Sadly, DPS now defines disorderly conduct as two totally sober graduate students who arrive at the game 30 minutes before kickoff and subsequently cheer for Michigan from their assigned seats. Moreover, without explaining to us why we were removed from the stadium, DPS has continued to ignore all written correspondence and attempts to receive compensation for the tickets and a formal apology from the officers involved. Before believing the claim that “student rowdiness” is on the rise, remember that the surge in ejections could just be part of the larger trend of officials who eject students from sporting events without any reasonable suspicion, just cause and without any legal recourse.
Nicholas Douville
Rackham
Editorial misses reasoning behind Bush’s S-CHIP veto
I have serious objections to the Daily’s praise of S-CHIP, the children’s health care bill that President Bush recently vetoed (Taking care from a baby, 10/08/2007).
The fact that the Daily’s editorial board believes that the 61-cent tax hike on cigarettes won’t increase the deficit misses a more important point.

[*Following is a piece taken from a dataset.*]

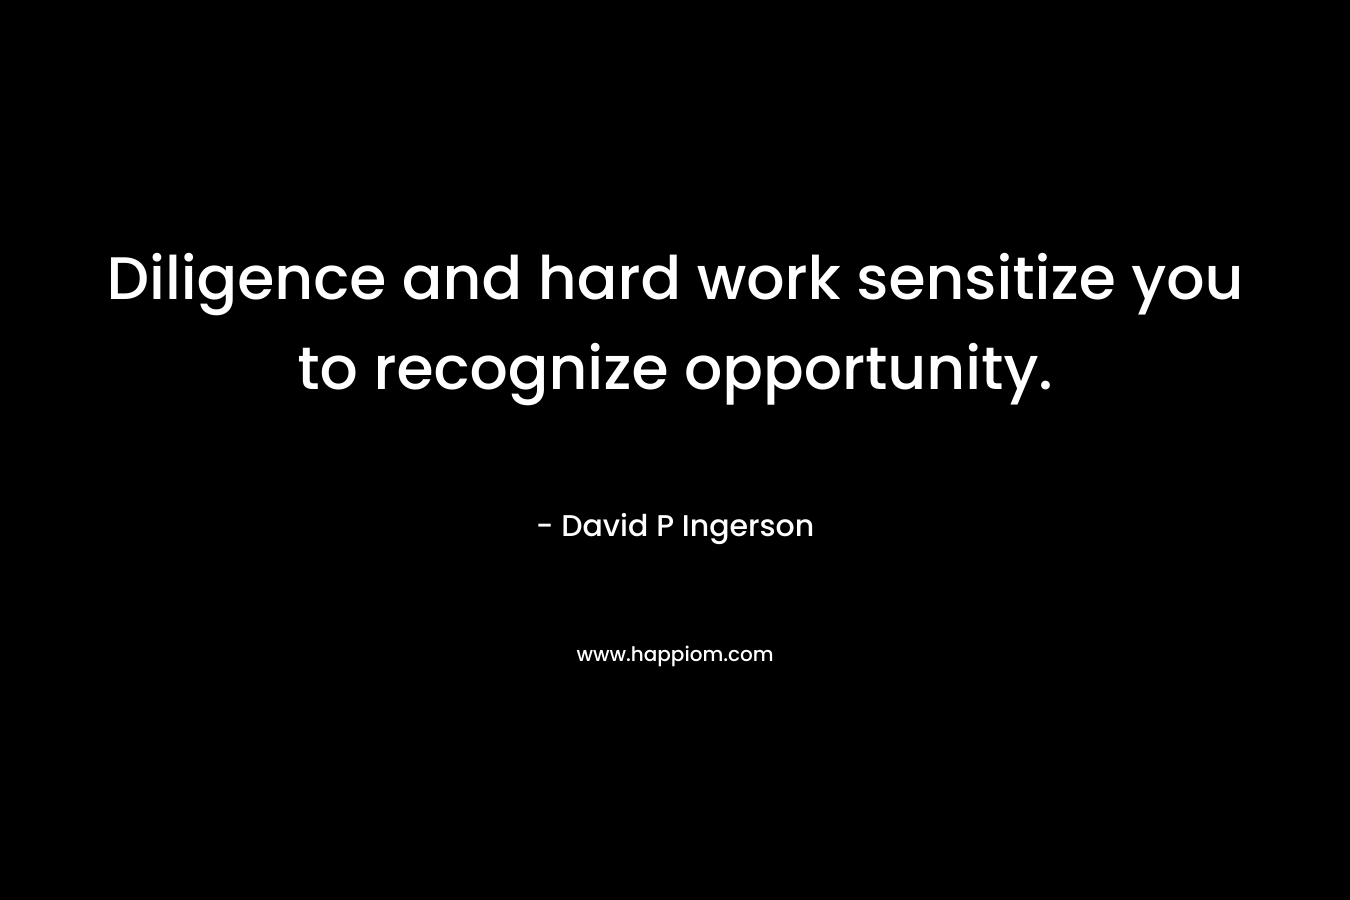 Diligence and hard work sensitize you to recognize opportunity. – David P Ingerson

Indeed, raising the federal cigarette tax will do something much worse: disproportionately increase the tax burden on low-income families. The Washington-based Tax Foundation estimates that the tax burden of the proposed hike will hit the lowest-earning 20 percent of households 37 times harder than if the revenue are raised through an income tax instead.
The unintended consequences of raising the cigarette tax are undeniable. High taxes are simply not the key to increasing revenue, and states will learn this lesson firsthand when 61 cents is piled on top of existing state cigarette taxes. Revenues will go down, and the tax burden for the poor will go up. All for the kids.